I have many Easter themed recipes on my blog, and not surprisingly lots of them feature a lot of chocolate. However, even though they’re a personal favourite, I’ve never made traditional Easter biscuits. These customary cookies are a celebration of Easter time combining a subtle ‘hot cross bun’ spice with pretty decoration or dried fruit. These biscuits lend themselves equally well to the addition of the traditional juicy currants and crunchy caster sugar topping, or the somewhat fancier crispy yet soft cover of pretty pastel hued icing. Serve these to make a nice change from the chocolate overload and everyone will be happy come Easter weekend!

Easter Biscuits

(dairy-free, egg-free, nut-free, soya-free, sesame-free, vegetarian and vegan)

 

makes lots, at least 20 large cookies

300g plain flour

2 tbsps cornflour

1/4 tsp salt

1/4 tsp baking powder

115g vegetable fat (I used Trex)

115g dairy-free margarine (Pure)

225g sugar (either caster or granulated)

1 tsp mixed spice

1 tsp ground cinnamon

60ml dairy-free milk

60g currants (if making fruited variety)

  1. Sift together the flour, cornflour, spices, salt and baking powder.
  2. In another bowl whisk together the fat, spread and sugar until light and fluffy.

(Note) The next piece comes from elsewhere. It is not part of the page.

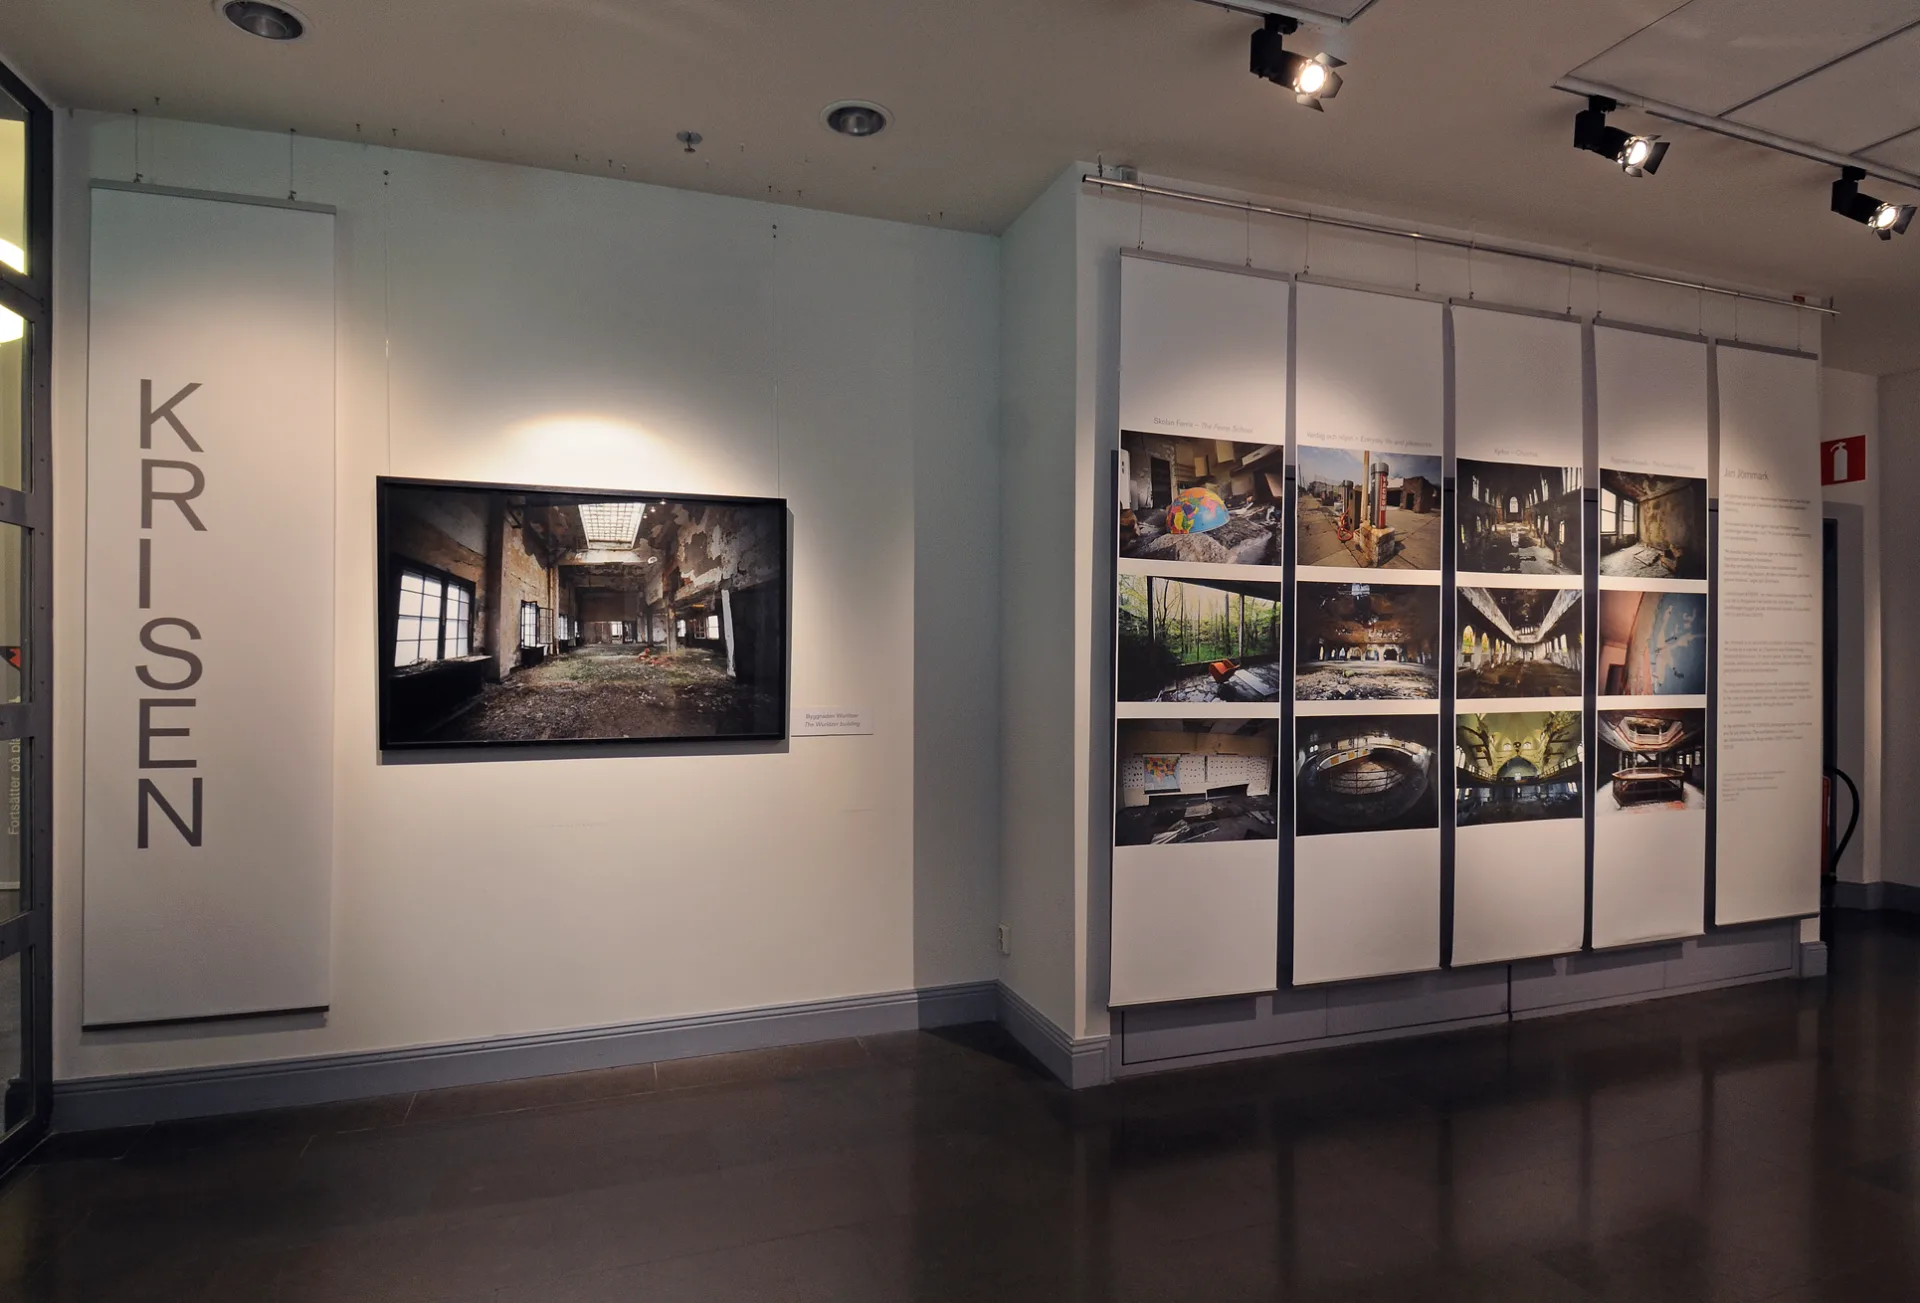 En vägg med fotografier från utställningen krisen

Add the dairy-free milk and whisk again.
  3. Add the flour mix and carefully combine. Stir in the currants if using.
  4. Roll out and cut out shapes with cookie cutters. Place on a lined baking sheet and bake at 180 degrees for 10-12 minutes, or until lightly golden round the edges
  5. Cool on the sheet before moving to a wire rack.
  6. if making the fruity variety, sprinkle with caster sugar whilst hot.

for the royal icing:

3 tbsps aquafaba (water from a tin of beans or chickpeas)

1/4 tsp cream of tartar

3 cups icing sugar

1/2 tsp vanilla extract

dairy-free milk to thin the icing

food colouring as desired

  1. In a stand mixer, or an electric whisk, whisk together all the ingredients until a smooth thick paste is created.
  2. Colour as desired. I split the mixture into two, and then coloured each with natural food colouring.
  3. Thin each colour with a splash of milk to make the icing a good consistency to coat the biscuits (thick, but thin enough to pipe!)
  4. Pipe as desired
  5. Let set but leaving at room temperature for a good few hours. If you dare, return the iced biscuits to the oven for a couple of minutes for a smooth shiny finish and then leave to set.